Now, tables are created in our database, database_example in our server, murat_server. Let’s connect a locally deployed PostgreSQL database to Spark on JupyterLab. Therefore, we need to download proper PostgreSQL JDBC Driver jar from https://jdbc.postgresql.org/download.html depending on Java version installed in your system! Note that you need to enter the correct path to this jar file!

If you want to read in one single table, you can do it multiple ways:

from pyspark.sql import SparkSession

# the Spark session should be instantiated as follows
spark = SparkSession \
    .builder \
    .appName("Python Spark SQL basic example") \
    .config("spark.jars", "postgresql-42.2.14.jar") \
    .getOrCreate()
    
 # generally we also put `.master()` argument to define the cluster manager
 # it sets the Spark master URL to connect to, such as “local” to run locally, “local[4]” to run locally with 4 cores, or
 # “spark://master:7077” to run on a Spark standalone cluster.
 # http://spark.apache.org/docs/latest/submitting-applications.html#master-urls
    
# Note: JDBC loading and saving can be achieved via either the load/save or jdbc methods

jdbcDF = spark.read.format("jdbc"). \
options(
         url='jdbc:postgresql://localhost:5432/database_example', # jdbc:postgresql://<host>:<port>/<database>
         dbtable='Employee',
         user='postgres',
         password='1234',
         driver='org.postgresql.Driver').\
load()
# will return DataFrame

jdbcDF2 = spark.read \
    .format("jdbc") \
    .option("url", "jdbc:postgresql://localhost:5432/database_example")\
    .option("dbtable", "Employee") \
    .option("user", "postgres") \
    .option("password", "1234") \
    .option("driver", "org.postgresql.Driver") \
    .load()
# will return DataFrame

jdbcDF3 = spark.read \
    .jdbc("jdbc:postgresql://localhost:5432/database_example", "public.bonus",
          properties={"user": "postgres", "password": "1234", "driver": 'org.postgresql.Driver'})
# will return DataFrame

jdbcDF.printSchema()
# root
#  |-- id: integer (nullable = true)
#  |-- name: string (nullable = true)
#  |-- salary: integer (nullable = true)
#  |-- departmentid: integer (nullable = true)

jdbcDF2.printSchema()
# root
#  |-- id: integer (nullable = true)
#  |-- name: string (nullable = true)
#  |-- salary: integer (nullable = true)
#  |-- departmentid: integer (nullable = true)

jdbcDF3.printSchema()
# root
#  |-- id: integer (nullable = true)
#  |-- name: string (nullable = true)
#  |-- salary: integer (nullable = true)
#  |-- departmentid: integer (nullable = true)

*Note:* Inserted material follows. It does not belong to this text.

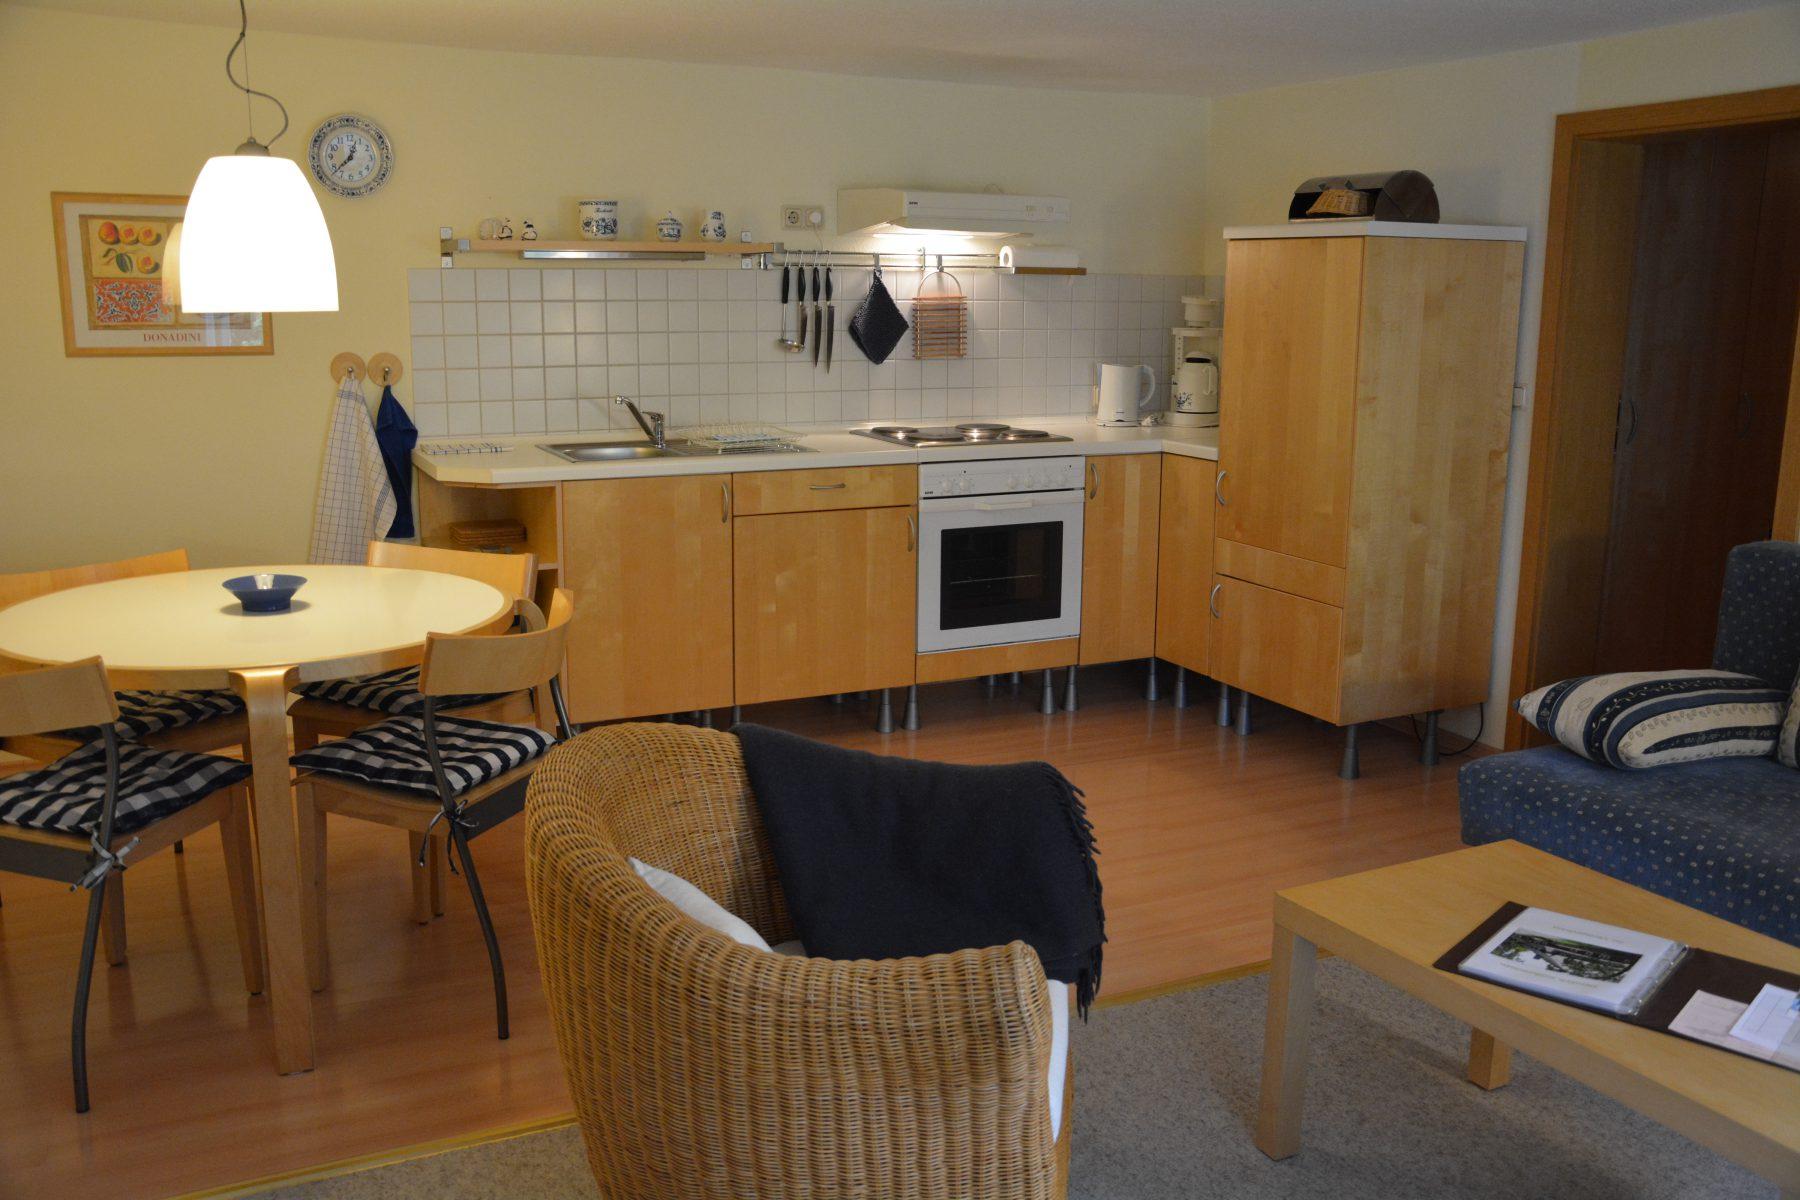 Ferienwohnung im Verlegerhaus Seiffen Kategorie N1a Detail Küche
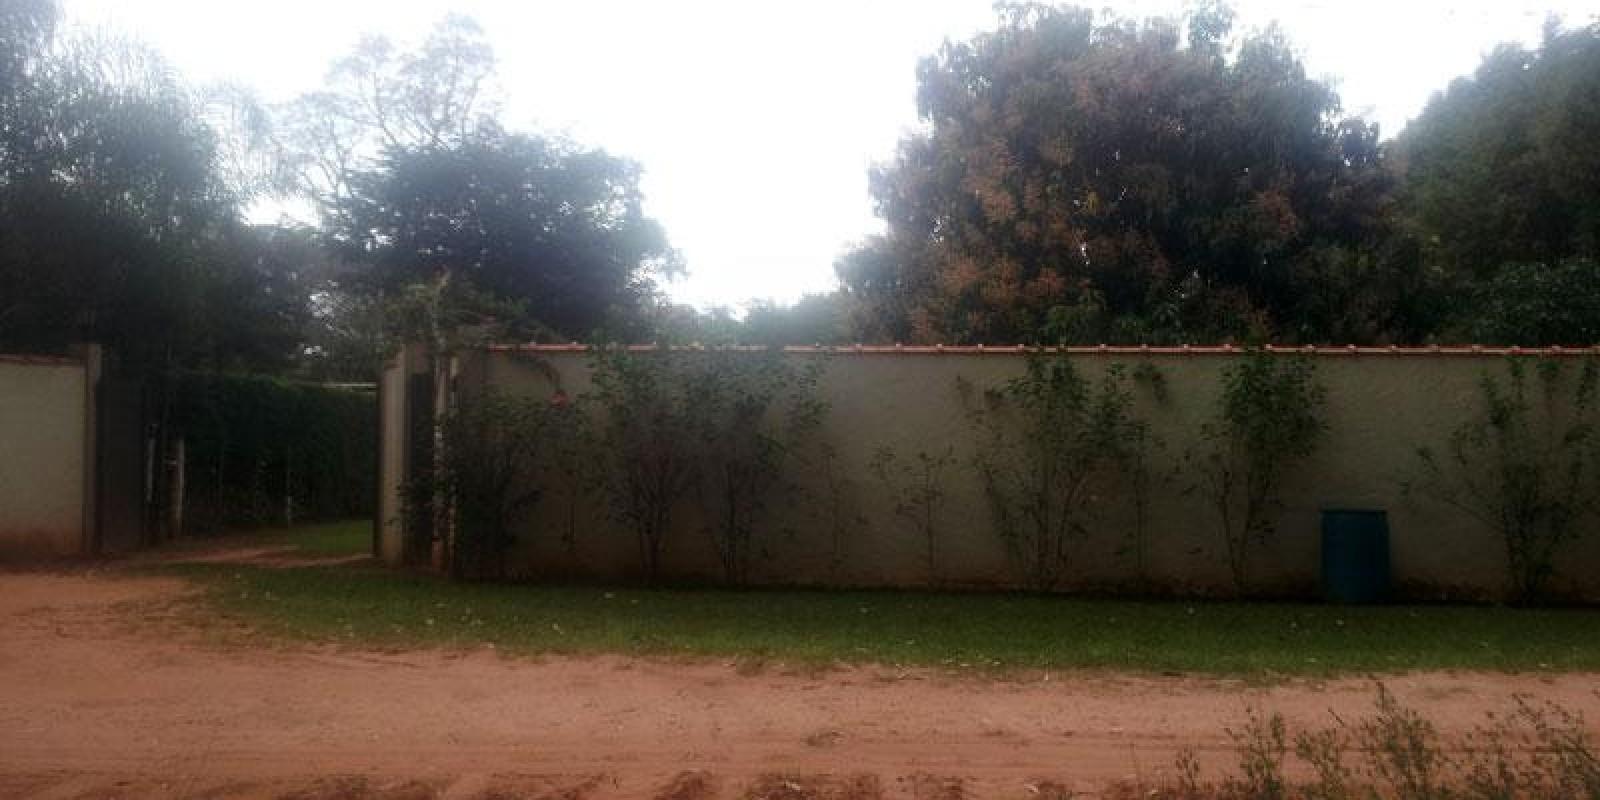 Casa na Represa Costa Azul em Avaré SP - Foto 1 de 20

jdbcDF.select('*').collect()
# [Row(id=1, name='Joe', salary=70000, departmentid=1),
#  Row(id=2, name='Jim', salary=90000, departmentid=1),
#  Row(id=3, name='Henry', salary=80000, departmentid=2),
#  Row(id=4, name='Sam', salary=60000, departmentid=2),
#  Row(id=5, name='Max', salary=90000, departmentid=1)]

jdbcDF2.select('*').collect()
# [Row(id=1, name='Joe', salary=70000, departmentid=1),
#  Row(id=2, name='Jim', salary=90000, departmentid=1),
#  Row(id=3, name='Henry', salary=80000, departmentid=2),
#  Row(id=4, name='Sam', salary=60000, departmentid=2),
#  Row(id=5, name='Max', salary=90000, departmentid=1)]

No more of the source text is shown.